As shown in FIG. 6, a tubular belt holder 33 is inserted into one lateral end of the fixing belt 21 in the axial direction thereof. Although not shown, another tubular belt holder 33 is inserted into another lateral end of the fixing belt 21 in the axial direction thereof. Thus, the two belt holders 33 rotatably support the fixing belt 21. The belt holder 33 includes a substantially tubular, holding portion 33a inserted into the lateral end of the fixing belt 21 in the axial direction thereof and a flange 33b mounted on a side plate 35 of the comparative fixing device 9C. The flange 33b is molded with an outboard end of the holding portion 33a in the axial direction of the fixing belt 21 and is greater than the holding portion 33a in diameter. A slip ring 34 serving as a ring is placed on an outer circumferential surface of the holding portion 33a and interposed between the flange 33b and a lateral edge face 21a of the fixing belt 21 in the axial direction of the fixing belt 21. According to this exemplary embodiment, the slip ring 34 is circular in cross-section. Alternatively, the slip ring 34 may be C-shaped in cross-section with a slit at a part of the slip ring 34 in a circumferential direction thereof.

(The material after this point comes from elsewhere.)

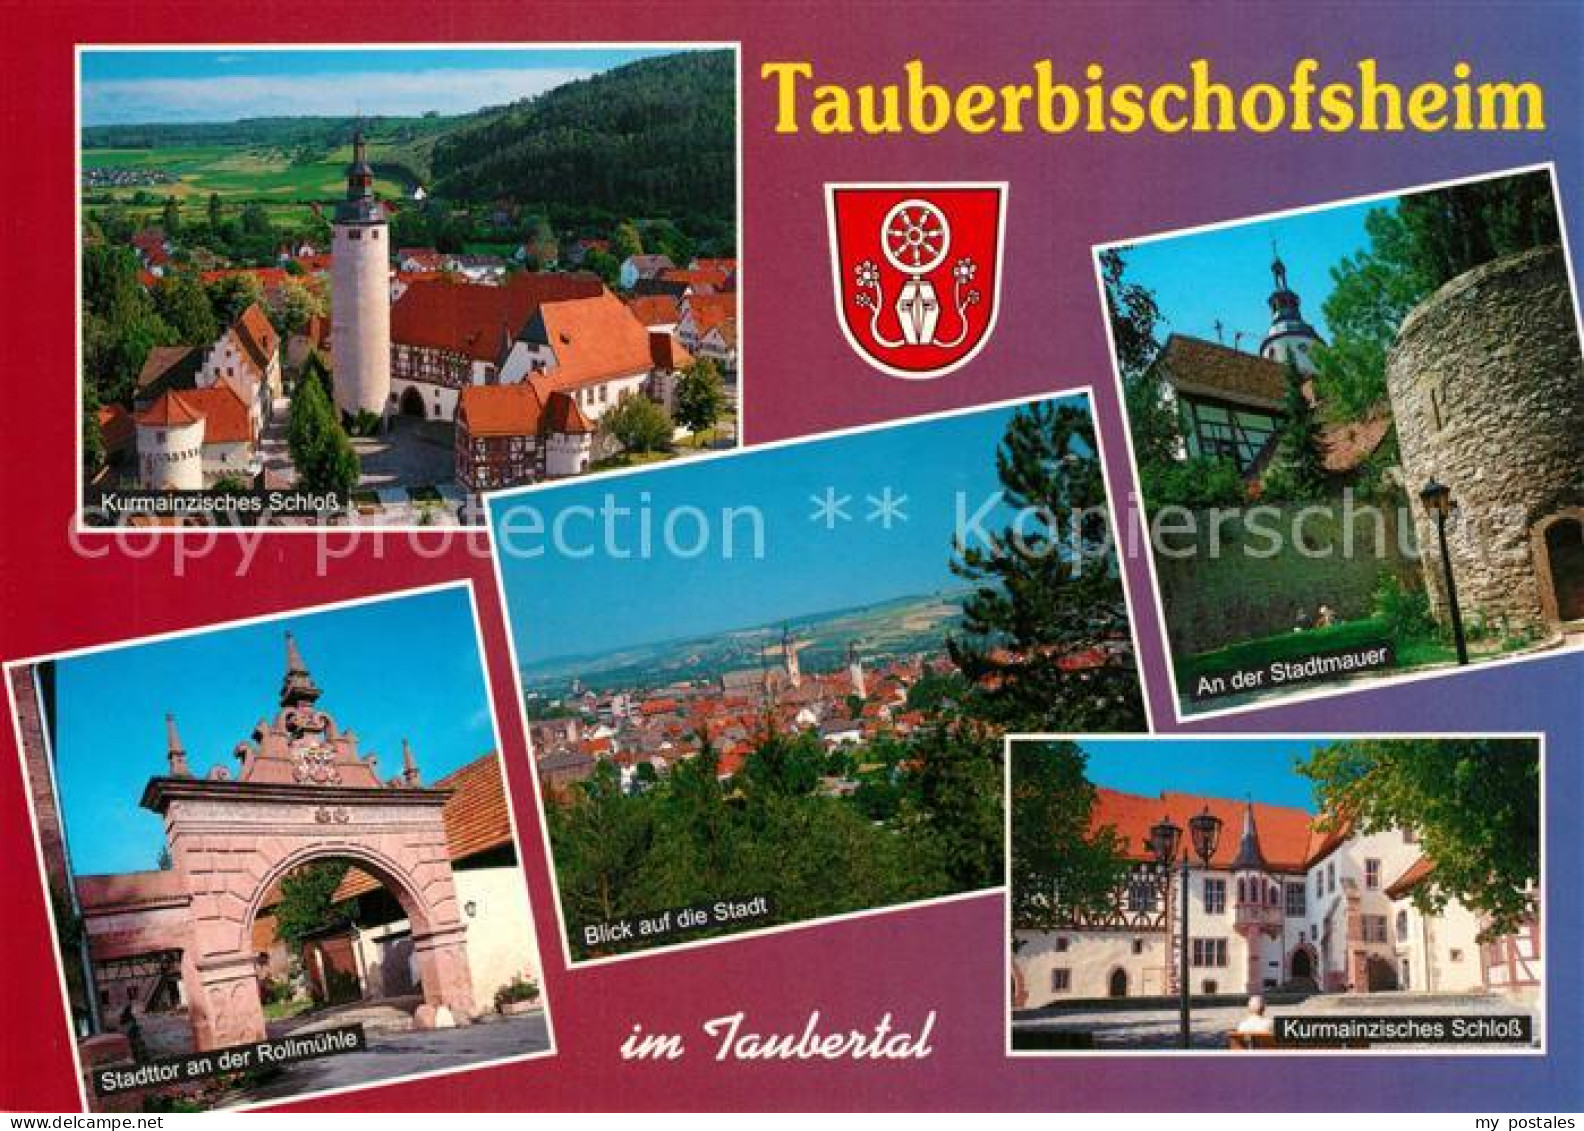 73226781 Tauberbischofsheim Kurmainzisches Schloss Stadttor An Rollmuehle  Taube - Tauberbischofsheim
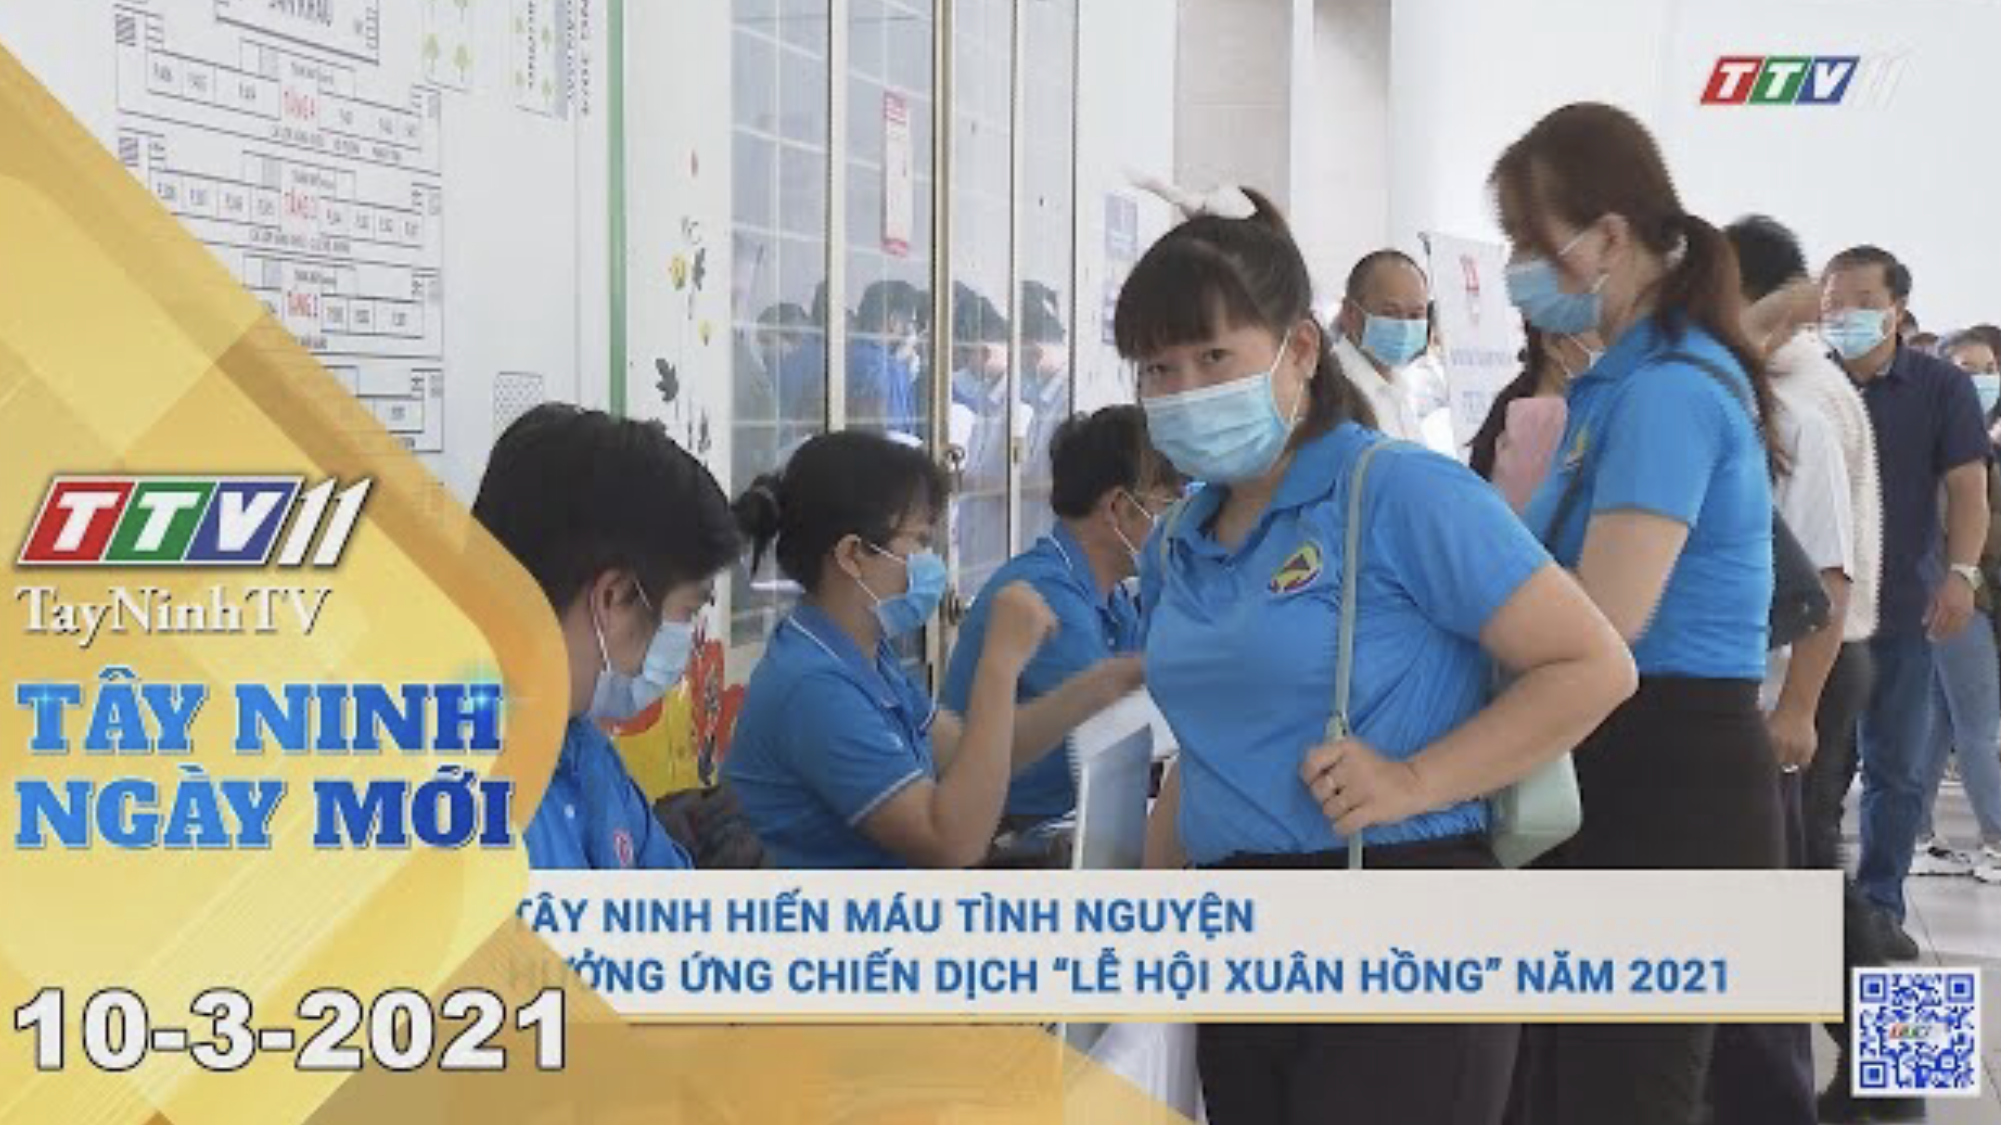 Tây Ninh Ngày Mới 10-3-2021 | Tin tức hôm nay | TayNinhTV

FIG. 7 is a sectional view of the belt holder 33 and the slip ring 34. As shown in FIG. 7, a groove 33c is produced in an outer circumferential face of the holding portion 33a and contiguous to the flange 33b. The groove 33c extends throughout an entire circumference of the holding portion 33a to engage the slip ring 34. The slip ring 34 is inserted from an inboard edge of the holding portion 33a into the groove 33c. Although an inner diameter D1 of the slip ring 34 is smaller than an outer diameter D2 of the holding portion 33a, the slip ring 34 elastically deforms as the slip ring 34 moves over the holding portion 33a and engages the groove 33c. For example, the slip ring 34 is made of heat resistant, super engineering plastics such as PEEK, PPS, and PAI. Although the material of the belt holder 33 is determined by considering the material of the base layer of the fixing belt 21 and the heat resistant temperature affected by load imposed from the sheet P to the fixing belt 21, the belt holder 33 is made of heat resistant resin such as PPS, PAI, LCP, and polyetherketone (PEK).

As shown in FIG. 7, the inner diameter D1 of the slip ring 34 is greater than a diameter D3 defined by a bottom of the groove 33c. A width W2 of the groove 33c in the axial direction of the fixing belt 21 is greater than a thickness t of the slip ring 34 in the axial direction of the fixing belt 21. Thus, the slip ring 34 is rotatably fitted into the groove 33c.

FIG. 8 is a perspective view of the belt holder 33. As shown in FIG. 8, the holding portion 33a includes a slit 33d at a part of a circumference of the holding portion 33a.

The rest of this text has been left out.